* WORK REQUIRED: The answer should consist of the full listing below, repeated exactly and free of pictures.

*** Opening COLLECTED MATERIAL ***

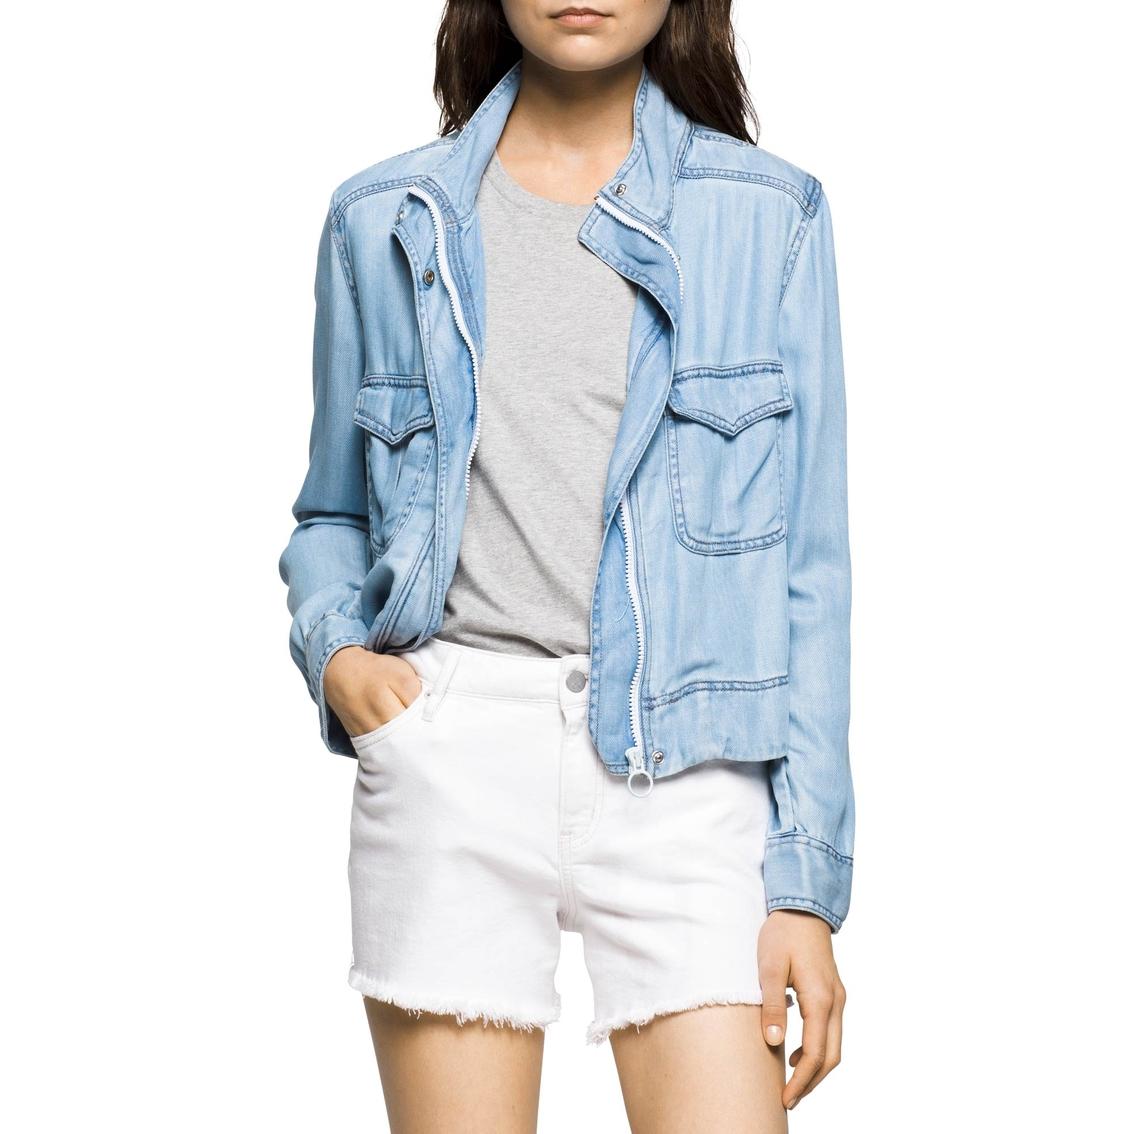 64994c86ebe5 Calvin Klein Jeans Utility Jacket | Jackets | Apparel | Shop The ...
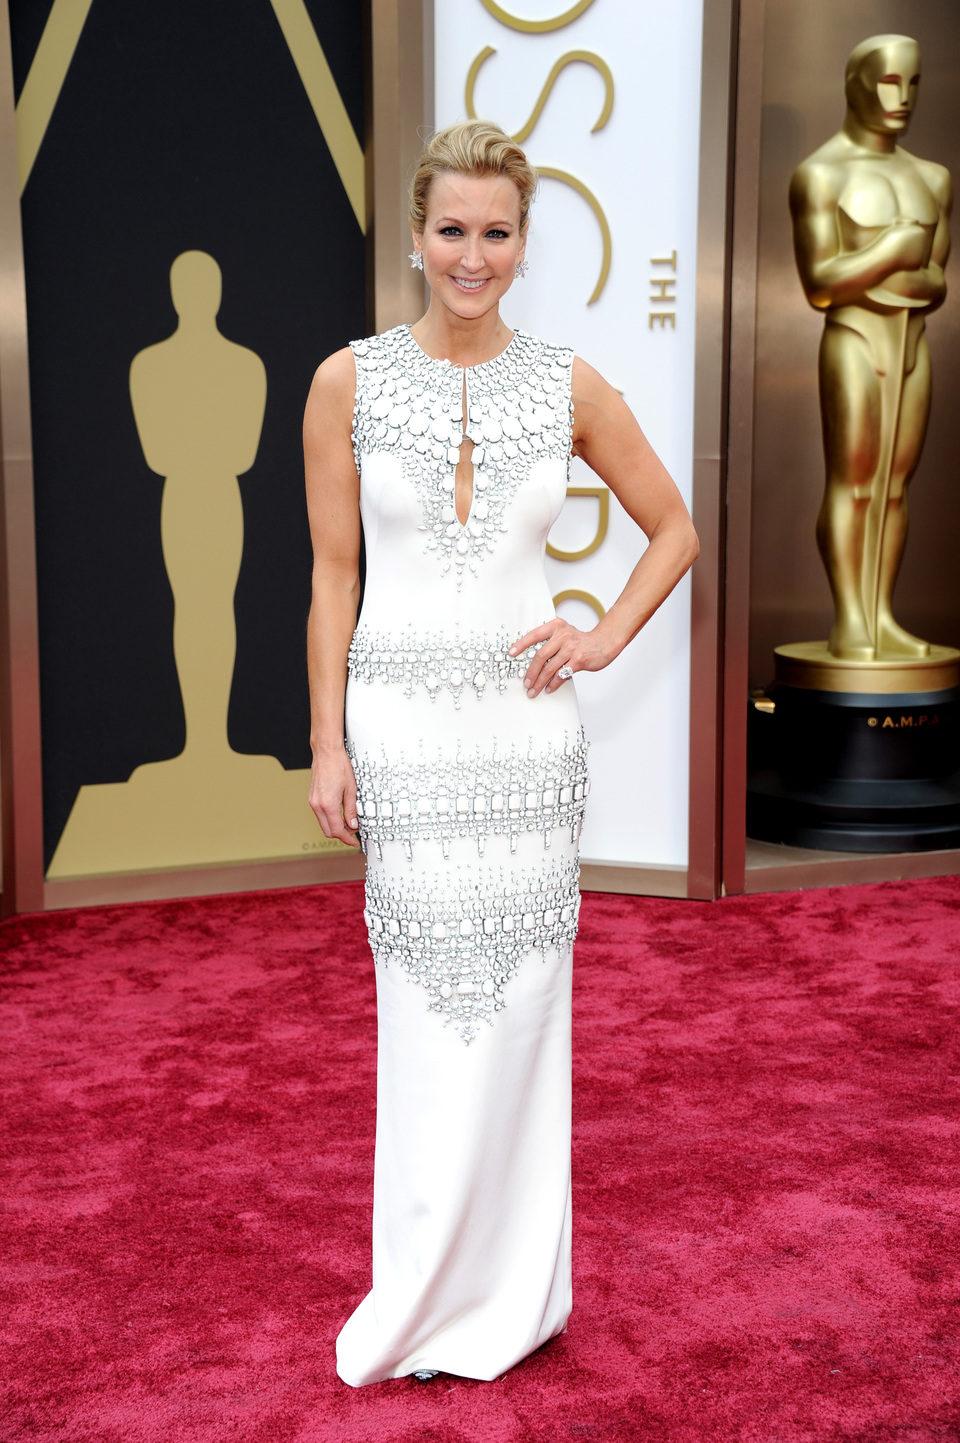 Lara Spencer at the 2014 Oscars
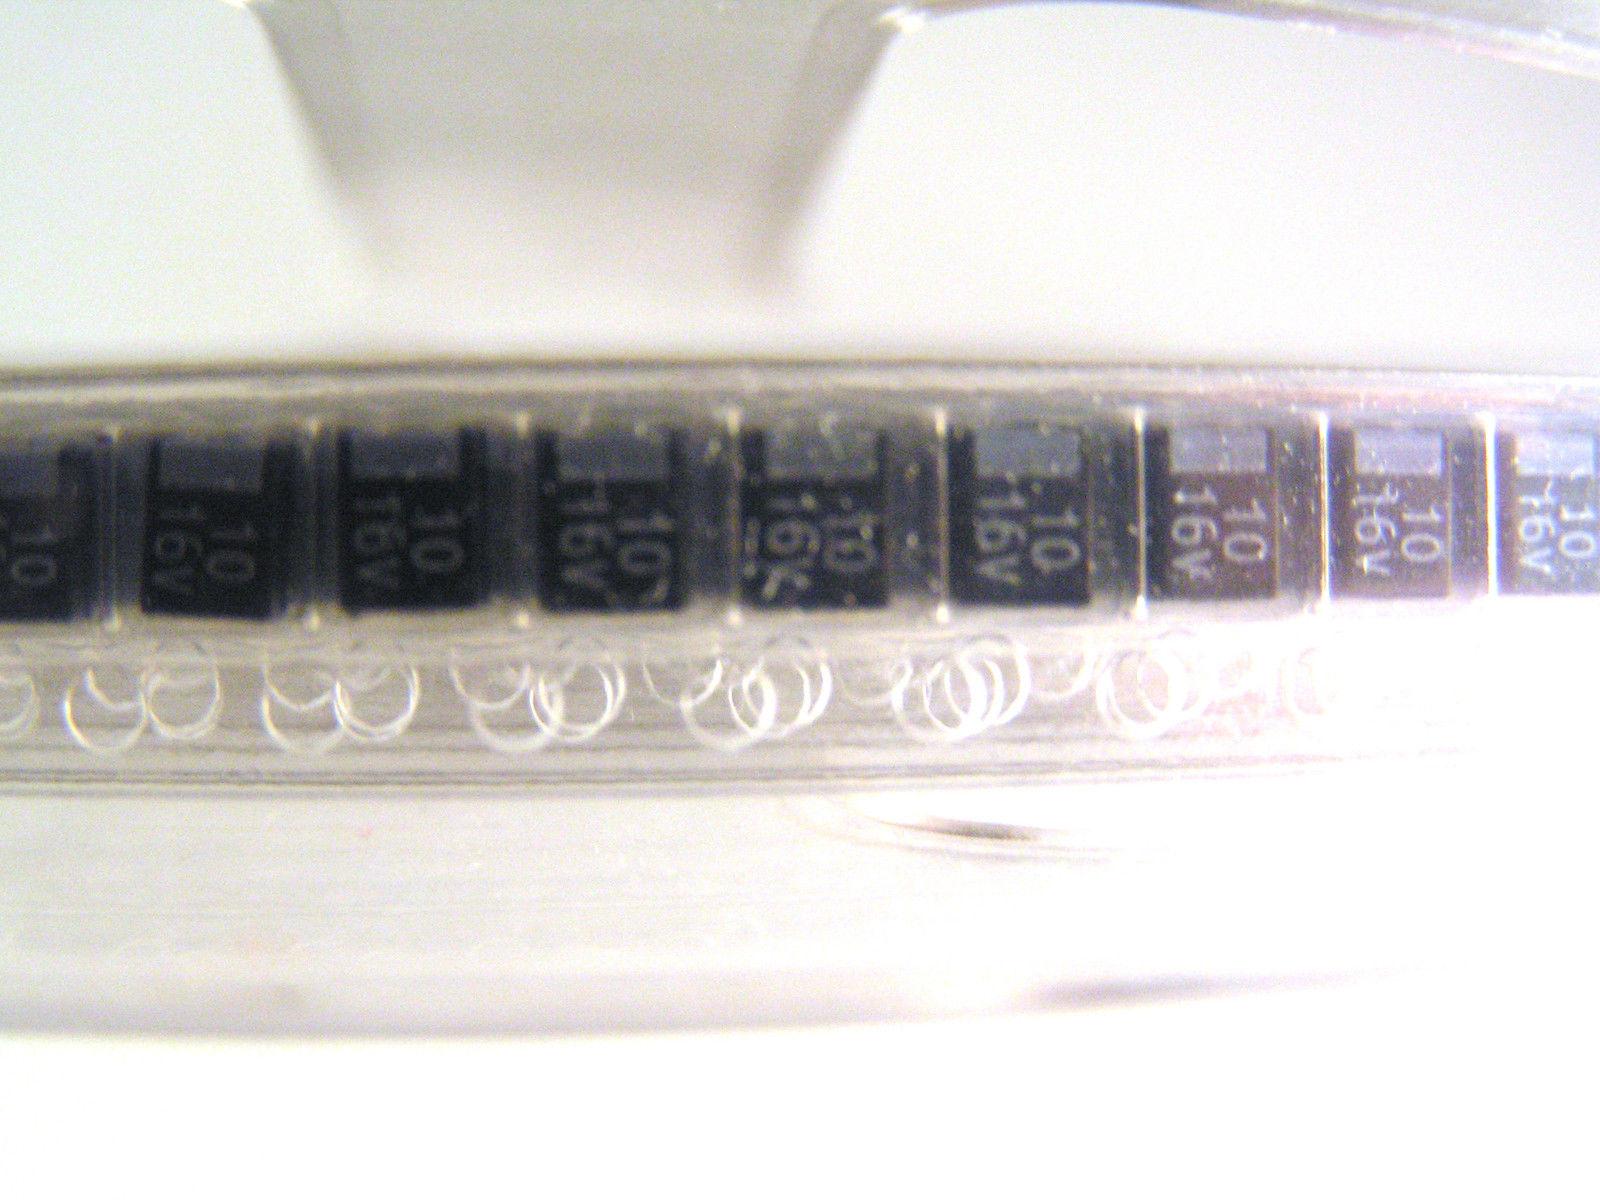 Samsung TCSVS1C106KBAR Tantalum Capacitor 10uF 20/% 16V 25 pieces OL0192

*** Closing COLLECTED MATERIAL ***

* RESULT BELOW:
 64994c86ebe5 Calvin Klein Jeans Utility Jacket | Jackets | Apparel | Shop The ...
 Lara Spencer at the 2014 Oscars
 Samsung TCSVS1C106KBAR Tantalum Capacitor 10uF 20/% 16V 25 pieces OL0192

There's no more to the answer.